Jul 3, 2014

Ego Therapy: What Gyms Sell

Why gyms do more to remedy our fragile egos than work out our muscles

Why do some people become obsessed with going to gyms and working out? To be fit. Why? To be healthy. Why? So they can live an active and happy life. Does it really require lifting heavy weights in a room full of sweaty people making groaning noises to stay healthy? How about going hiking or a long walk outside or doing simple exercises at home? And what is this perfect model of health and fitness anyways? Is it mass body index? Winning CrossFit competitions? Finishing marathons? And which latest “cool” fitness craze/cult has the most believable founding story, pseudo-organic philosophy and covert corporate sponsorship to convince me to join its fitness religion and remedy my fragile ego?

Does being fit require religiously spending many hours every week in gyms; sweating, lifting, groaning and tracking every set, rep, mile, pound, minute and countless other metrics on the way to becoming our best and fittest self? Do we stop working out when we reach our fitness goals? Is there even such thing as a fitness goal or is “fitness” rather a vague idea rebranded and packaged as a “lifestyle” by marketing gurus to create and hype up the next big exercise craze and associated consumption? Is there a fitness craze out there that was not hijacked, hyped up and heavily marketed by big corporations once it started growing, often undermining its original, grassroots and organic founding? Aren't all these fitness memes and cults (CrossFit, Yoga, Kickboxing, Zumba, etc.) just different marketing schemes of the Fitness Industrial Complex to profit from the insecurities of an individualistic and over-competitive culture? Are we compensating for our lack of confidence and status by tailoring our external and physical features to match that of society’s “perfect” model so others respect and like us through our “society approved” physical identifiers/features? Of course, the sad irony here is that even in the absence of insecurities that motivate some to obsess over their self image, our modern superficial society judges everyone by their looks and external image. So we are in a way forced to participate in this game, even if we don’t believe in it.

Gyms obviously play a huge role in providing therapeutic help to prop up and maintain our fragile egos. Most of us are by default, insecure about our insignificance in an over-competitively alienating and individualistically shallow and judgmental society, where people are judged by their careers, titles, degrees, wealth and looks. Some are fat but have fancy titles and jobs. Others have fancy degrees and are fit and some are just extremely fit. But the sad and ironic through behind these ego remedies, is that they never actually remedy the deep insecurity within, just mask them temporarily. That’s why the chase to keep our ego remedy glasses full is an infinite struggle for the self, and a consumption gold mine for corporations once rebranded as a “cool lifestyle”.
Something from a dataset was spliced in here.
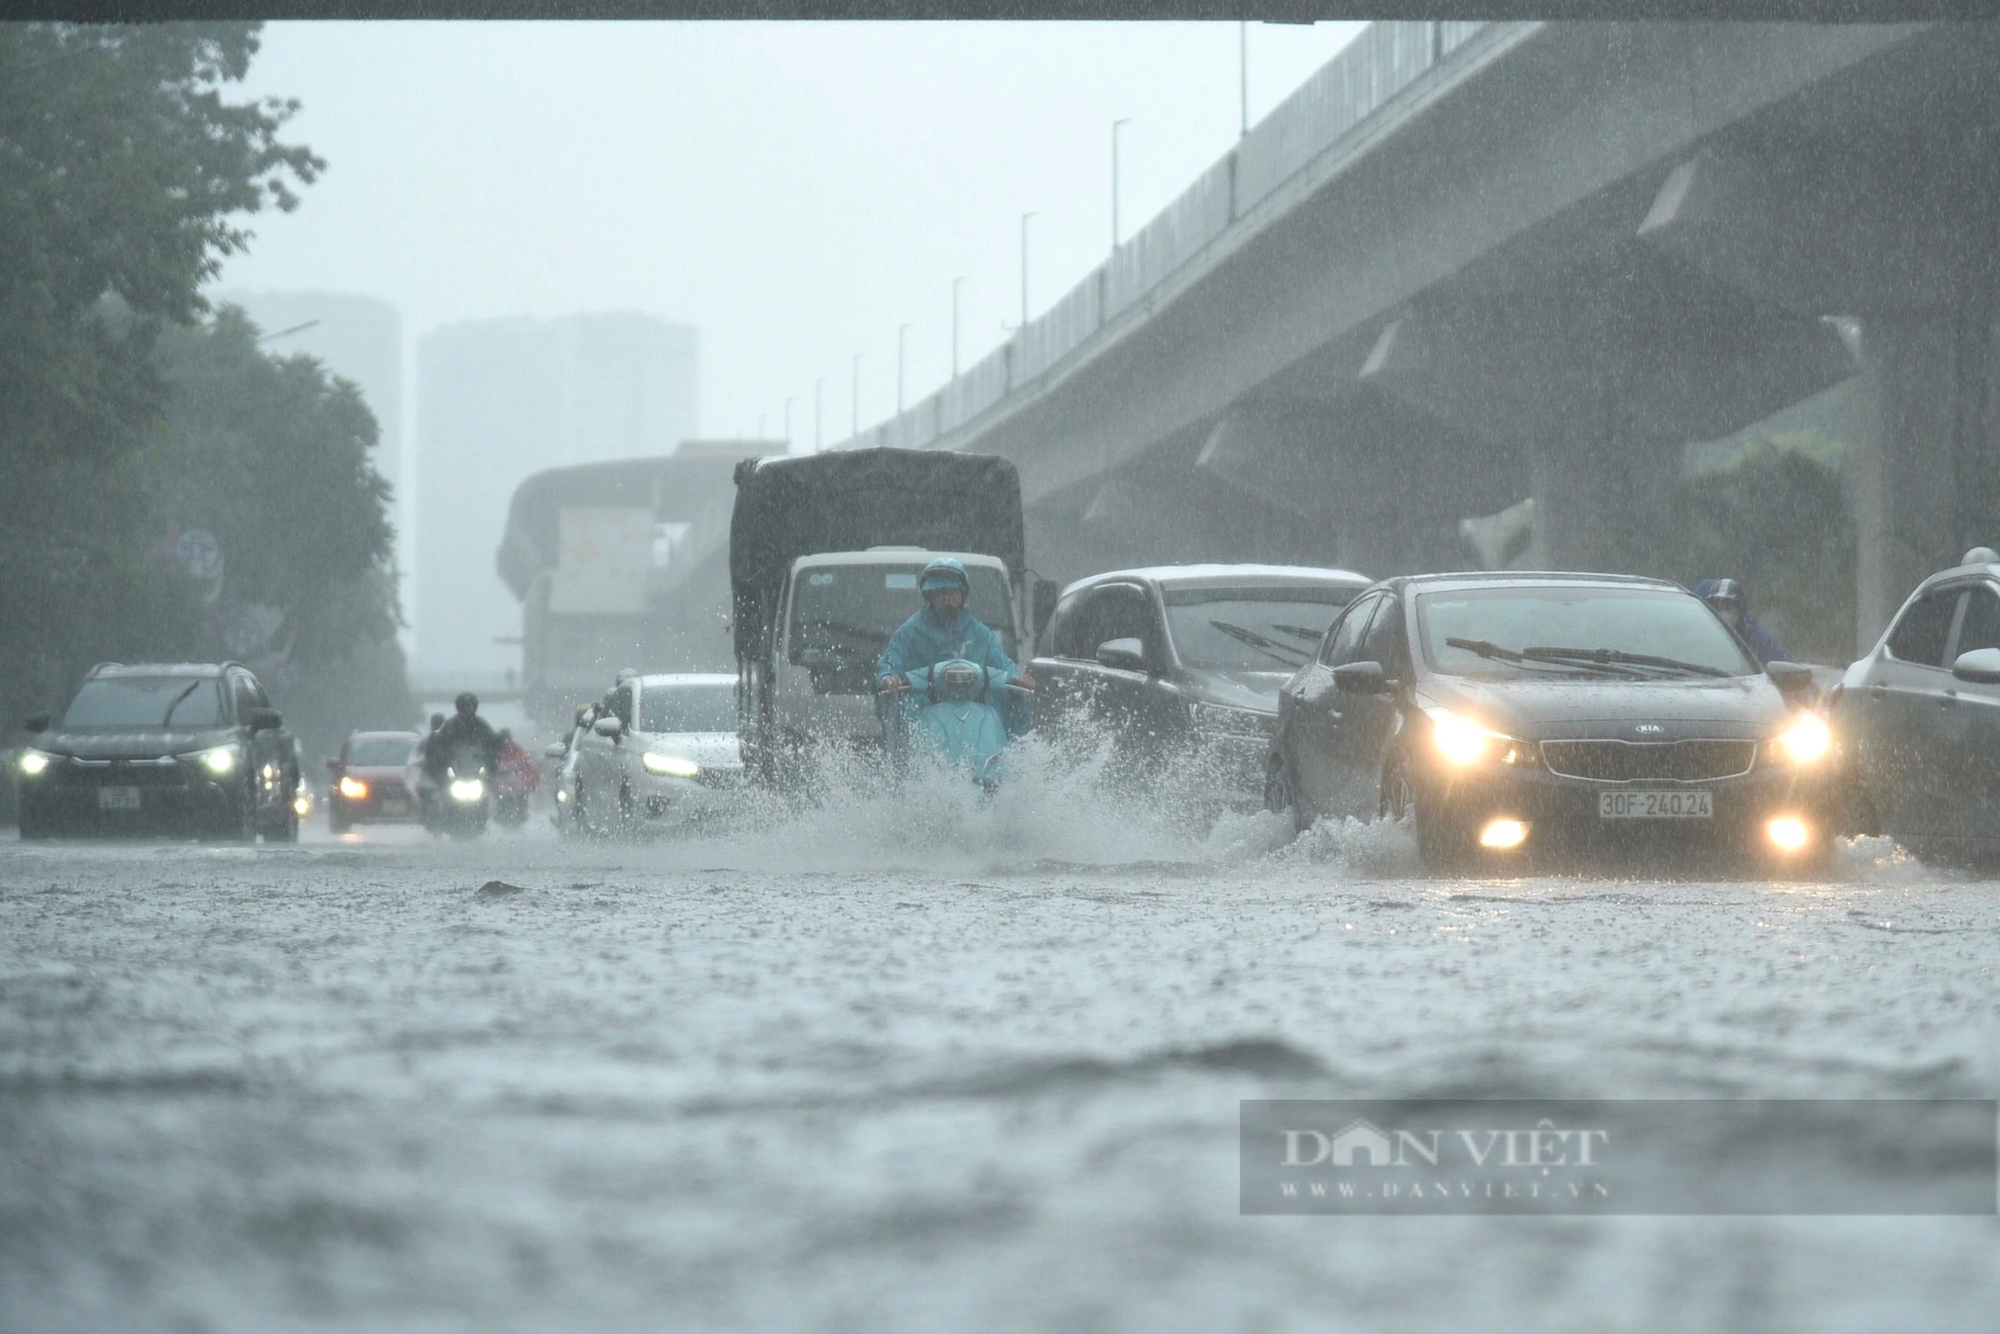 Ngập úng sau mưa lớn, người dân Thủ đô vật vã trên đường đi làm- Ảnh 1.

If we accept the argument above, then shouldn't we also conclude that, a fat, unemployed and uneducated person who is in peace with him or herself (feeling no envy or jealousy of others’ lives) is a more genuine person? Would we rather not spend more time with this person than an extremely fit, Ivy League graduate lawyer, who will not stop talking about his or her accomplishments, wealth, cars and travels?

The therapeutic feeling that comforts my ego when I work out in the gym while checking myself out in the mirror, is what gyms sell. Being healthy, physically fit and looking “in shape” are just positive side-effects of the ego remedy we are sold by corporations when we buy into the next fitness craze.